Gli indipendentisti responsabilmente scelsero la seconda strada, cioè quella più impervia e difficoltosa della montagna. Quivi regnava il prodotto del malgoverno colonialista italiano dell’epoca, che va sotto il nome di banditismo. Che dovevano fare gli indipendentisti difronte ai banditi padroni assoluti della montagna? Dovevano forse aprire un fronte contro lo Stato Italiano e un altro contro il banditismo? Tale soluzione sarebbe stata pura follia e sicuro suicidio perché avrebbe significato la fine prima ancora dell’inizio.

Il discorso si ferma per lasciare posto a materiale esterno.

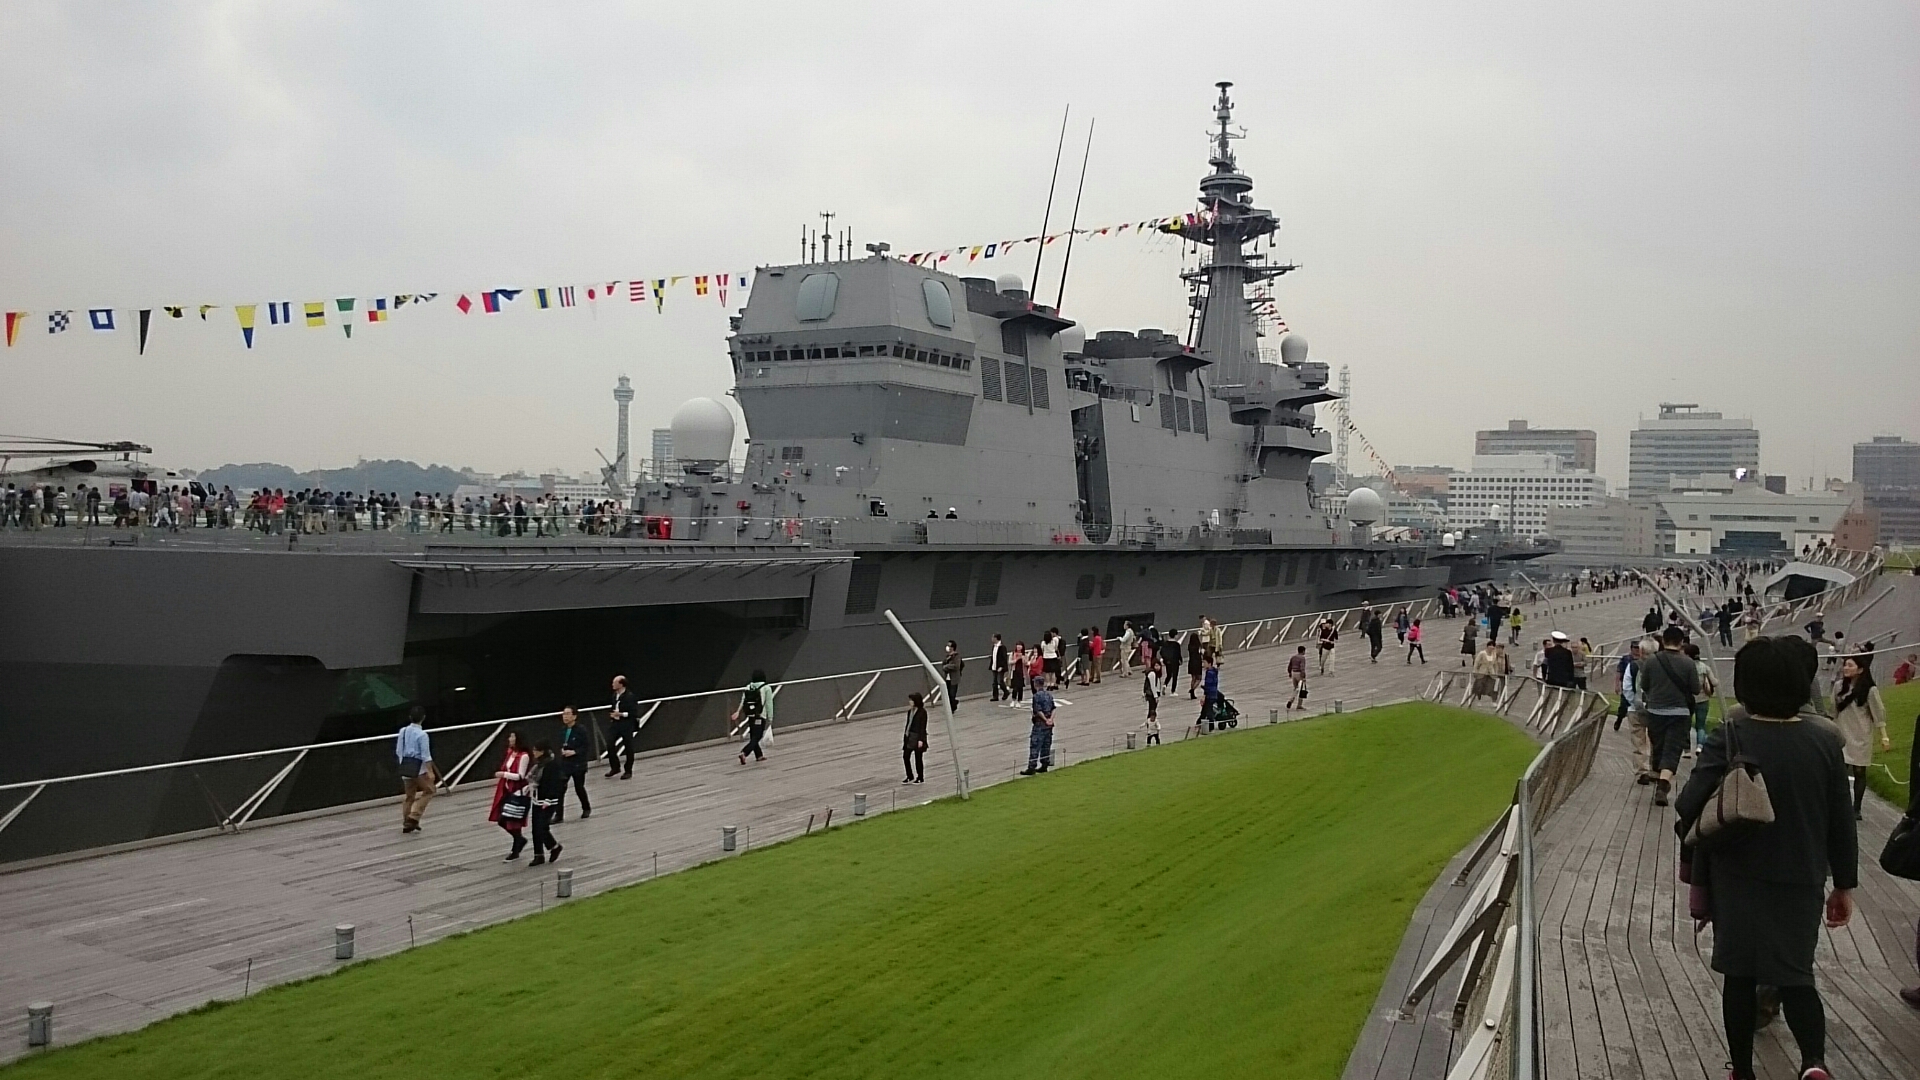 観艦式 海上自衛隊 護衛艦 いずも 一般公開 １０月１０日 横浜大桟橋 ぱんこの撮影日記 分館

Quindi fu d’obbligo venire a patti con i banditi, creati, ripeto da “mala signoria” italiana e non dagli indipendentisti, al fine di potere trovare una leale convivenza tra le montagne. Per quanto fu possibile, gli indipendentisti cercarono di sensibilizzare i banditi alla causa siciliana facendo capire che entrambi erano oggetto di una medesima violenza sia pure diversificata. Giuliano recepì tale onesto e sincero messaggio e si comportò lealmente con gli indipendentisti.

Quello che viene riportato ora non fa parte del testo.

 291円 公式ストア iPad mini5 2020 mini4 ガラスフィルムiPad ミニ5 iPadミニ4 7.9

Questi sono stati i rapporti tra gli indipendentisti degli anni ’40 e i banditi; questa è la sacrosanta verità dei fatti e sfido chiunque a citare un solo caso in cui banditi e indipendentisti avessero partecipato assieme a rapine, a ruberie e a eccidi per come ieri, invece, hanno fatto i terroristi italiani in combutta con i criminali comuni operanti al di là dello Stretto.

Niente univa gli indipendentisti siciliani ai banditi

Agli storiografi di regime, ingaggiati chiaramente da ben individuate botteghe di partito per vomitare nei loro scritti panzanate di corbellerie, ricordo che il diciannovenne Francesco Ilardi, facente parte dell’Evis (Esercito Volontario per l’Indipendenza della Sicilia), il 22 giugno 1945 assieme ad altri suoi commilitoni nei pressi del monte Soro affrontò i componenti la banda di Giovanni Consoli che infestavano la zona e che, abusando del nome dell’Evis, estorcevano danaro e viveri ai contadini del luogo.

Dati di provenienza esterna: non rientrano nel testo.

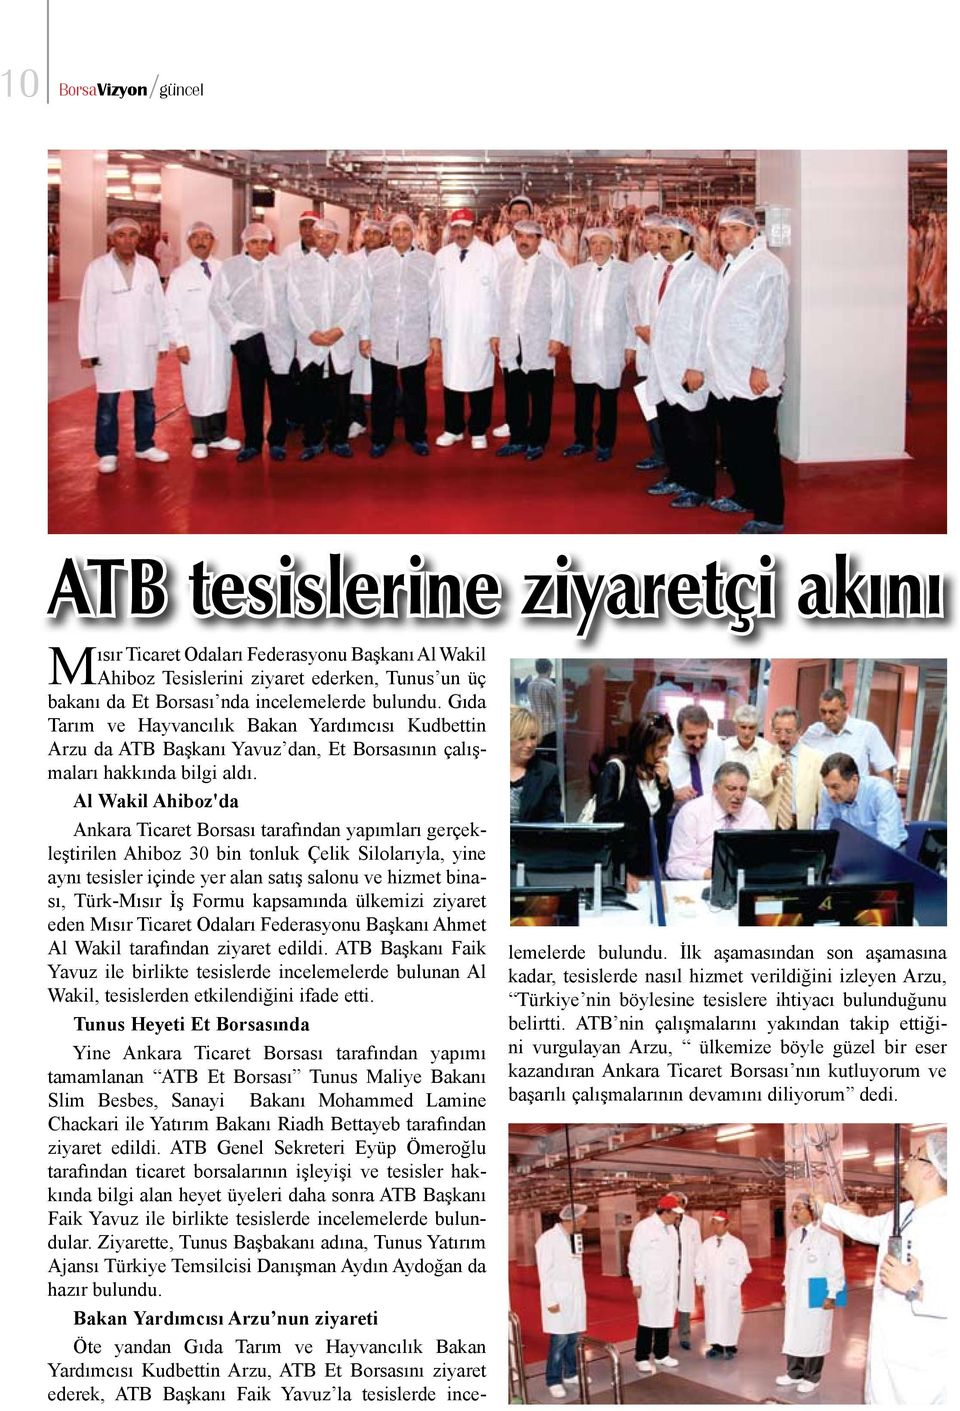 Al Wakil Ahiboz'da Ankara Ticaret Borsası tarafından yapımları gerçekleştirilen Ahiboz 30 bin tonluk Çelik Silolarıyla, yine aynı tesisler içinde yer alan satış salonu ve hizmet binası, Türk-Mısır İş
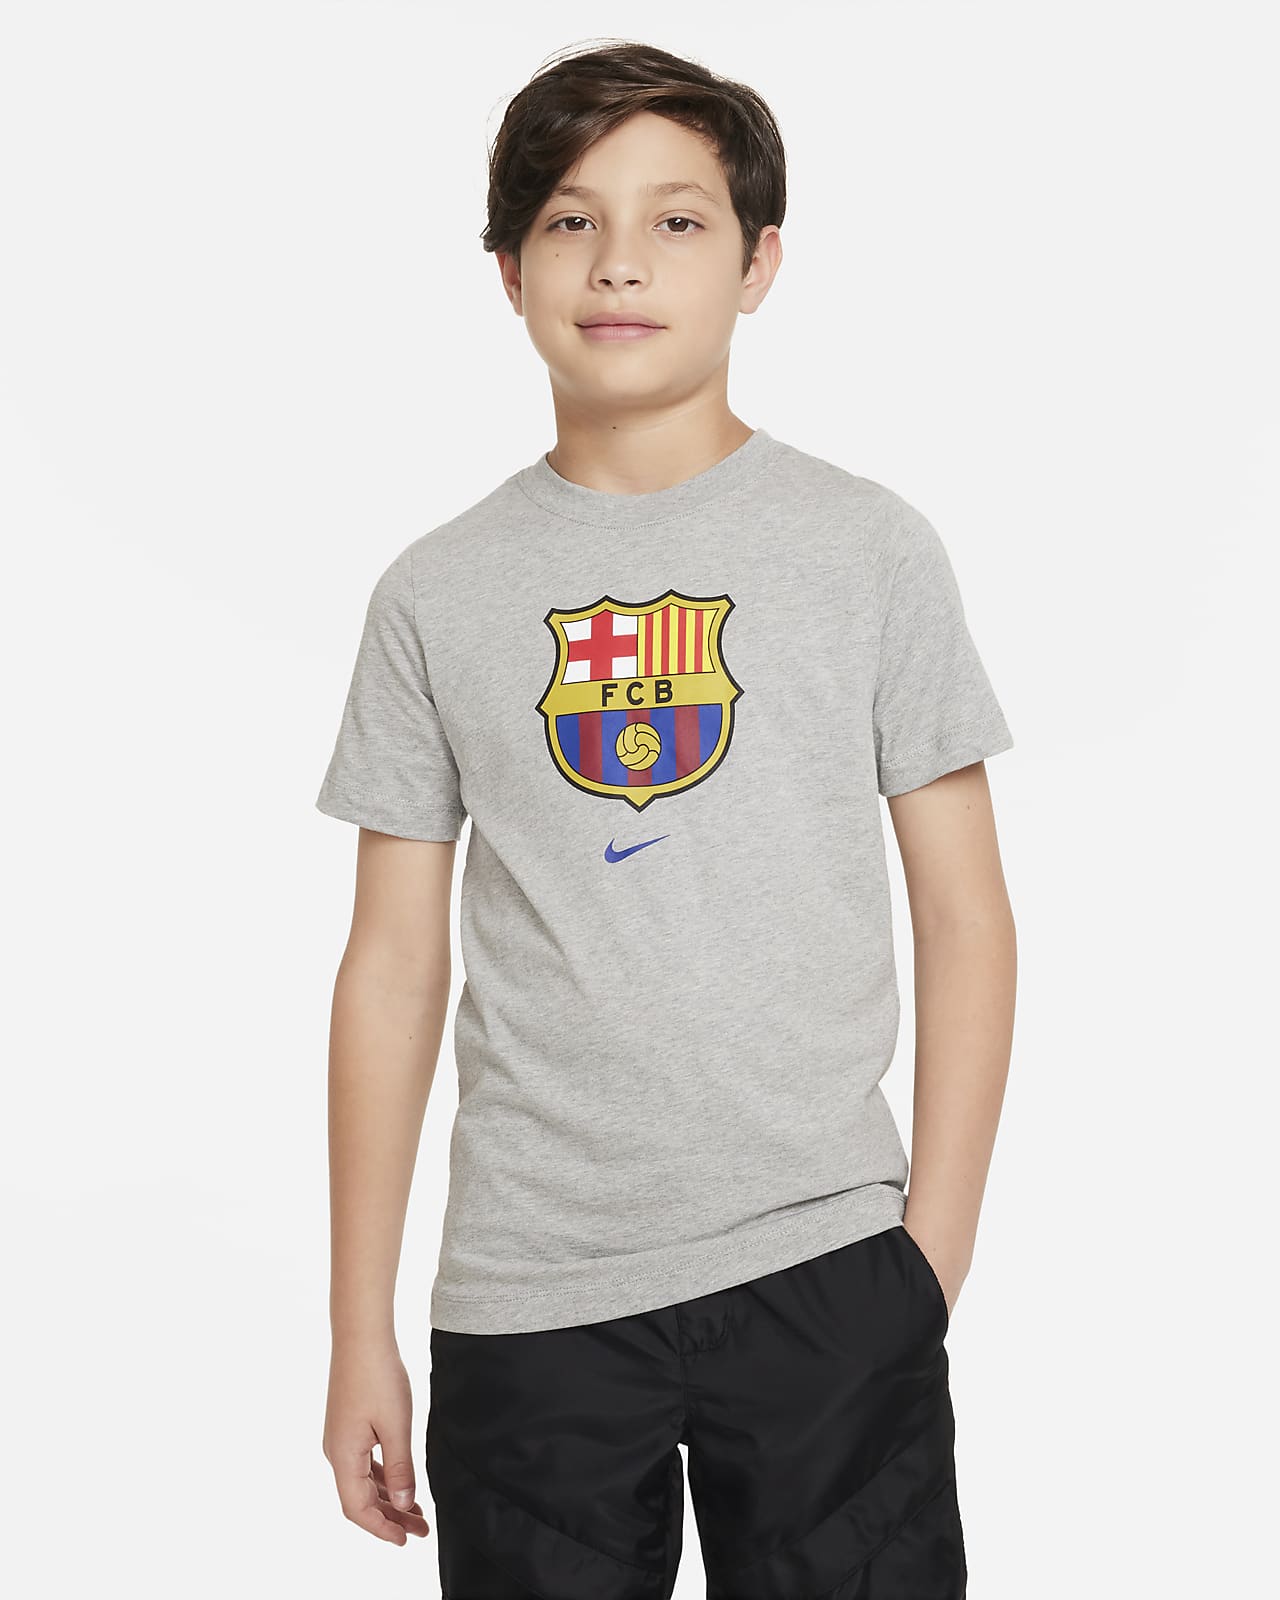 F.C. Barcelona Crest Older Kids' Nike T-Shirt

Il valoroso Francesco Ilardi venne mortalmente ferito nello scontro «e spirava poco dopo tra il cordoglio e l’ammirazione di quei contadini i quali ne ricomponevano la salma» come, tra l’altro, si legge nella motivazione della concessione della “Trinacria d’Oro” alla memoria dello stesso.

Ricordo ancora che il noto farmacista indipendentista di Cesarò, Salvatore Schifani, nella primavera del 1945 a Bolo venne sequestrato dal bandito Nino Battiato. È evidente che se gli indipendentisti fossero stati in combutta con i banditi, per come in mala fede certi storiografi politicizzati asseriscono, gli evisti non avrebbero combattuto i banditi e il dottor Schifani non sarebbe stato rapito. Potrei continuare ancora a citare altri casi, ma mi fermo perché questi due esempi costituiscono la prova del nove delle calunniose diffamazioni che si propalano sul conto dell’Evis.

Quindi tutti coloro che diffondono tra le nuove generazioni insinuazioni “di connubio, di simbiosi e di tresche” tra banditi e indipendentisti devono essere smascherati facendo conoscere la verità dei fatti perché si tratta di volgari e loschi imbroglioni, di calunniatori di professione e di asserviti a interessi contrastanti a quelli dei veri e onesti Siciliani.